やっぱりコイツは気付いていなかったのだ。
オレの視線の意味に。
何度も告げた言外の言葉に。
返された視線も、言葉も。
子供の戯れ言と受け流していただけ。

「もう、終わりにする」
もう一度宣言するようにわざとはっきりと。
「一体何のことかね? 何を終らせると?」
「アンタへの、オレの、想いを」
瞳はそらさずにことさら文節で区切って。

闇色の瞳が揺れた?
「それはどういう意味だね」
「そのまんまだよ」
アンタへの想いを抱えたままじゃ苦しいから。
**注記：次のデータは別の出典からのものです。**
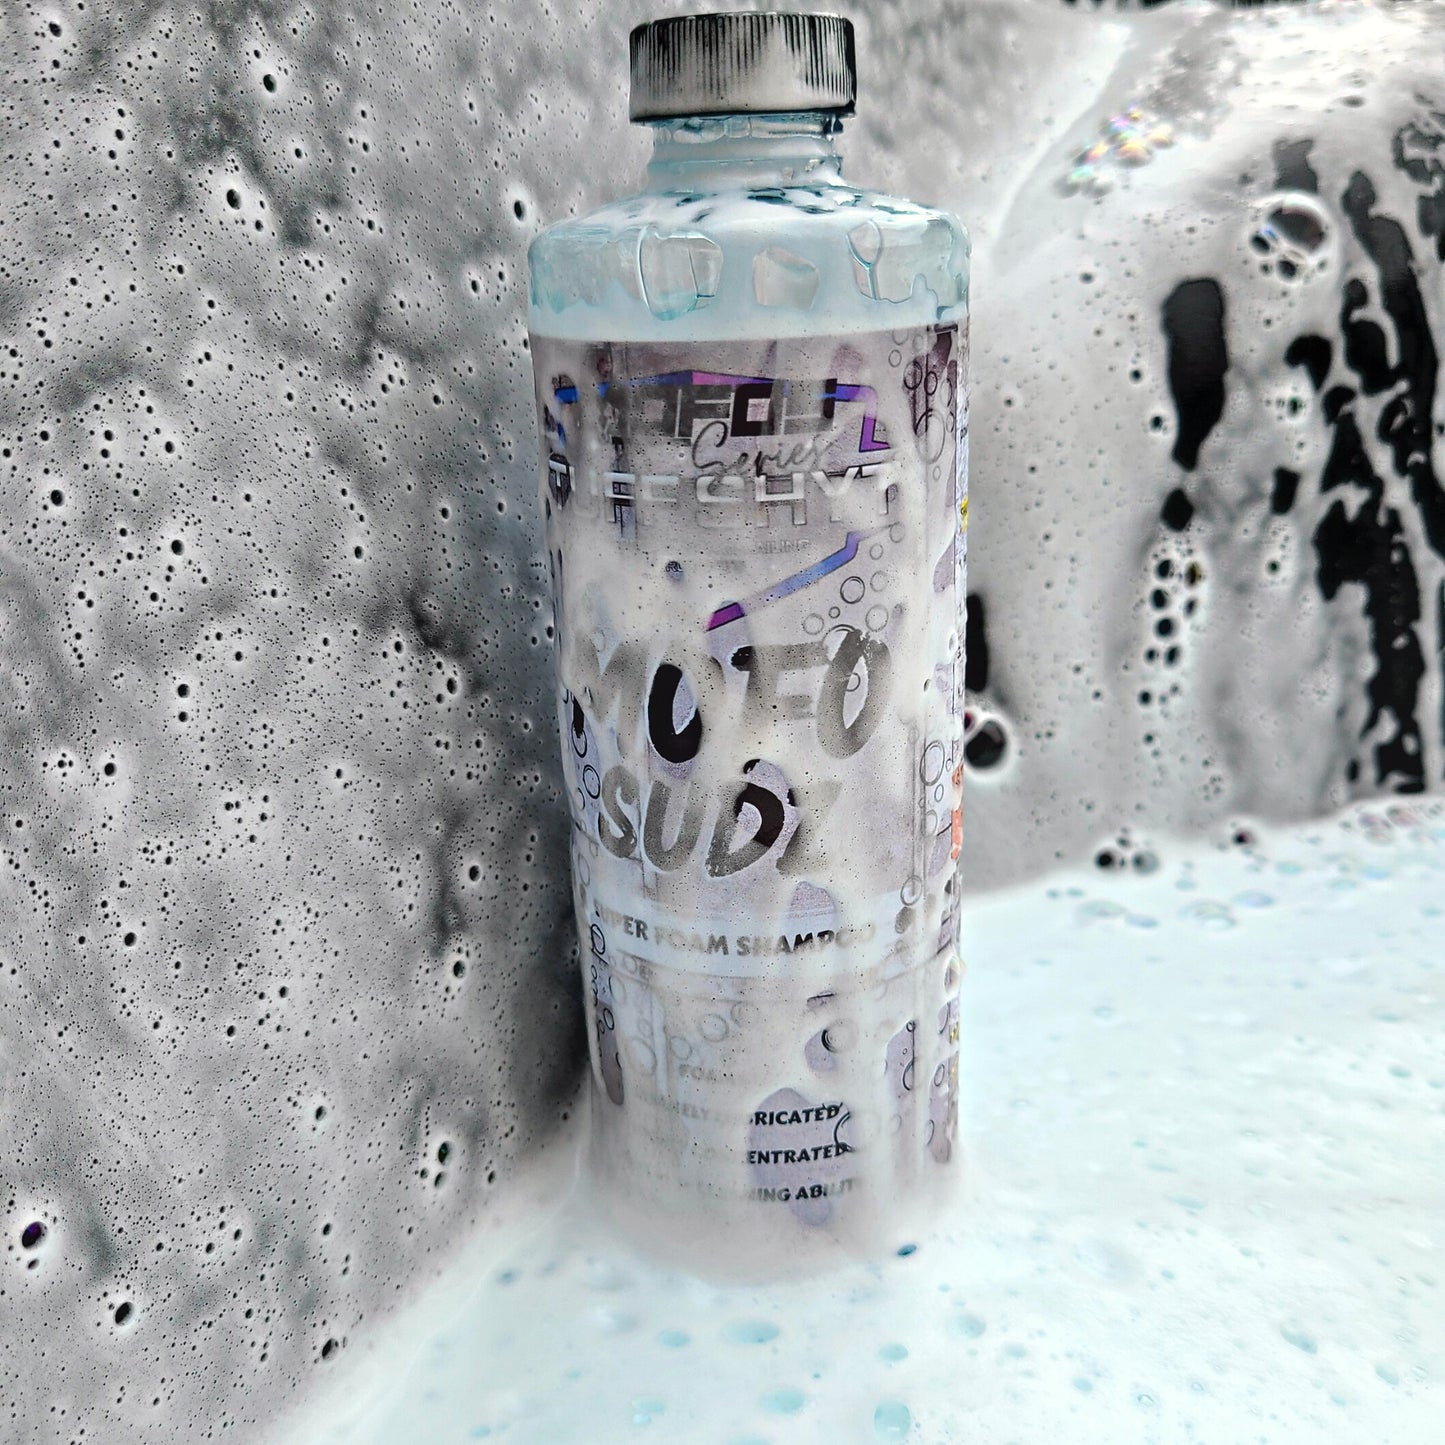 MOFO Sudz - Super Foam Shampoo

前へ進めなくなりそうだから。自分が弱くなりそうだから。
理由ならいくらでもある。だから。

「鋼の… 君は…」
薄い唇が空気を震わせる。
低くて耳に心地良い声が好きだった。アンタしか使わない呼び方が好きだった。じゃれあいのような、憎まれ口の叩きあいが楽しかった。
「…君は…本気で、私を…?」
黒い瞳がそらされる。
あぁ、やっぱり拒否されたか。
戯れ言だから相手をしてくれてただけ。大人の余裕で。
この瞳に侮蔑が浮かぶ前に目を反らそう。そう思った瞬間、オレの視線を捕えた漆黒の闇。
何もかも吸い込むような、その闇色が揺れてるのは何故?
「その想い…受け止めると言ったら?」
「?!」
「それでも『終わりにする』のかね?」
「……何を…言って…」
焔がちらつく黒い瞳がオレの目を覗き込む。
「君の言葉を、自分の都合の良いように解釈しないという努力はなかなか難しかったよ」
黒い瞳が力を込めてオレを見つめる。
「…マジかよ」
もっとマシな返事がしたかったのに。
口をついて出たのはそんな陳腐な言葉で。
そんなオレをアンタは見つめてて。
その瞳に自分の想いが形をつ変えてさらに膨れあがったことを知る。

終わりにするはずだった想いが新たに始まった。